For all of their creepy allure, the most revealing thing about the Linda Tripp-Monica S. Lewinsky tapes was how few ripples they produced when they finally surfaced last week. Even more than the transcripts released earlier this fall, the tapes seemed like artifacts from an ancient culture, a moldering chronicle of events already dissolving from memory. It was like listening to voices from beyond the grave.

If this month’s election left any doubt, the collective shrug that greeted the tapes’ release showed how emphatically Americans have closed the book on this scandal. Overnight polls showed that even Kenneth W. Starr’s defiantly unflappable performance before the House Judiciary Committee barely dented the public consensus against impeachment. Like the obsessive British colonel in the classic movie, committee Chairman Henry J. Hyde (R-Ill.) seems determined to build his bridge over the River Kwai, no matter what the cost--or the implications for his side in the battle. But a growing number of congressional Republicans seem understandably reluctant to follow him. Even after Starr took his best shot, the only suspense is over when and how Republicans terminate the impeachment process--and whether and how they censure President Clinton for dishonoring his office.
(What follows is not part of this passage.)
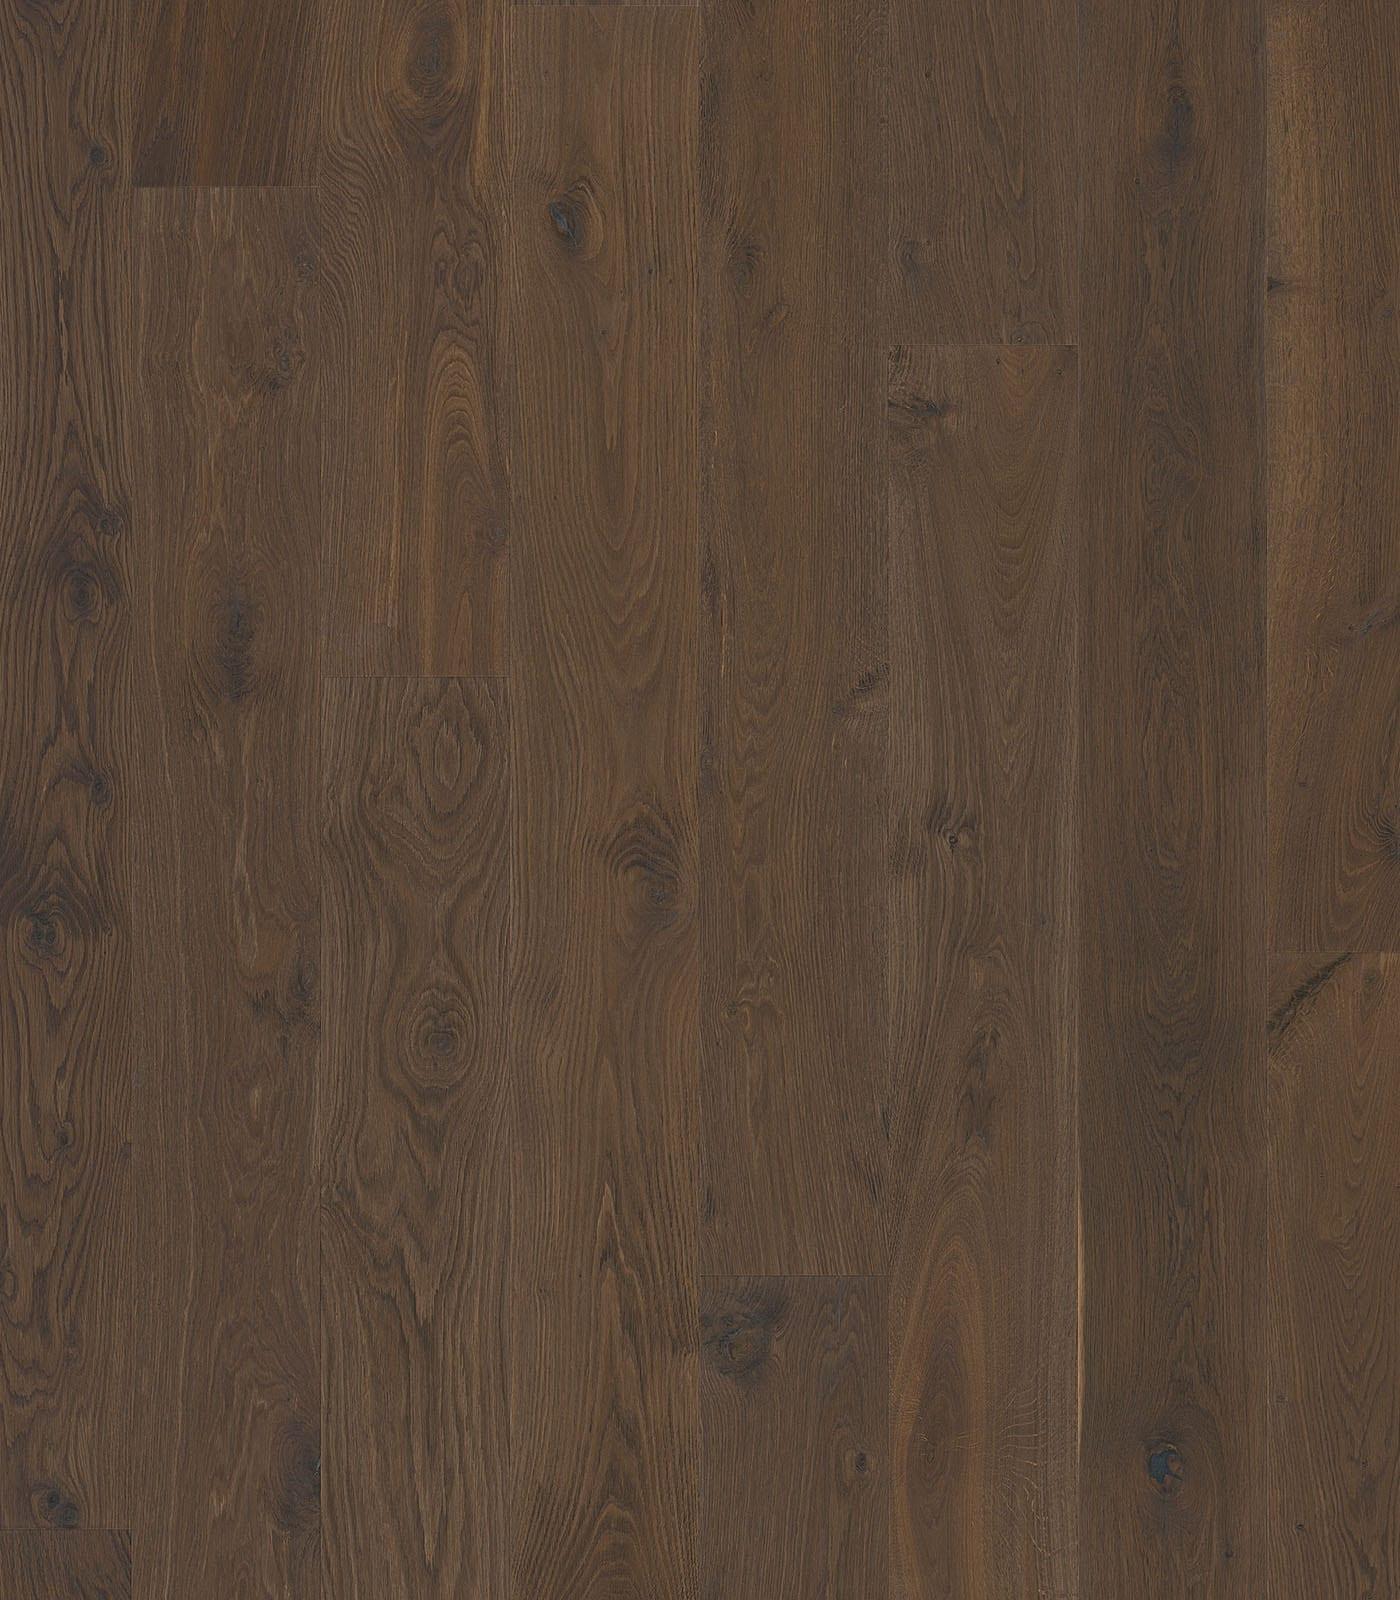 Smoked Oak-European Oak floors-Origins Collection-flat

The real question is: What happens after that? For most of 1998, the conventional wisdom held that even if Clinton survived he could no longer govern. Yet that assumption now seems as obsolete as most media predictions about the scandal. As Mario Cuomo once observed, Americans may not want Bill Clinton to date their sister, but they clearly want him to run the country. When asked in a recent Pew Research Center poll whom they wanted to take the lead in solving the nation’s problems, 49% chose Clinton, while only 26% picked the Republican leaders in Congress.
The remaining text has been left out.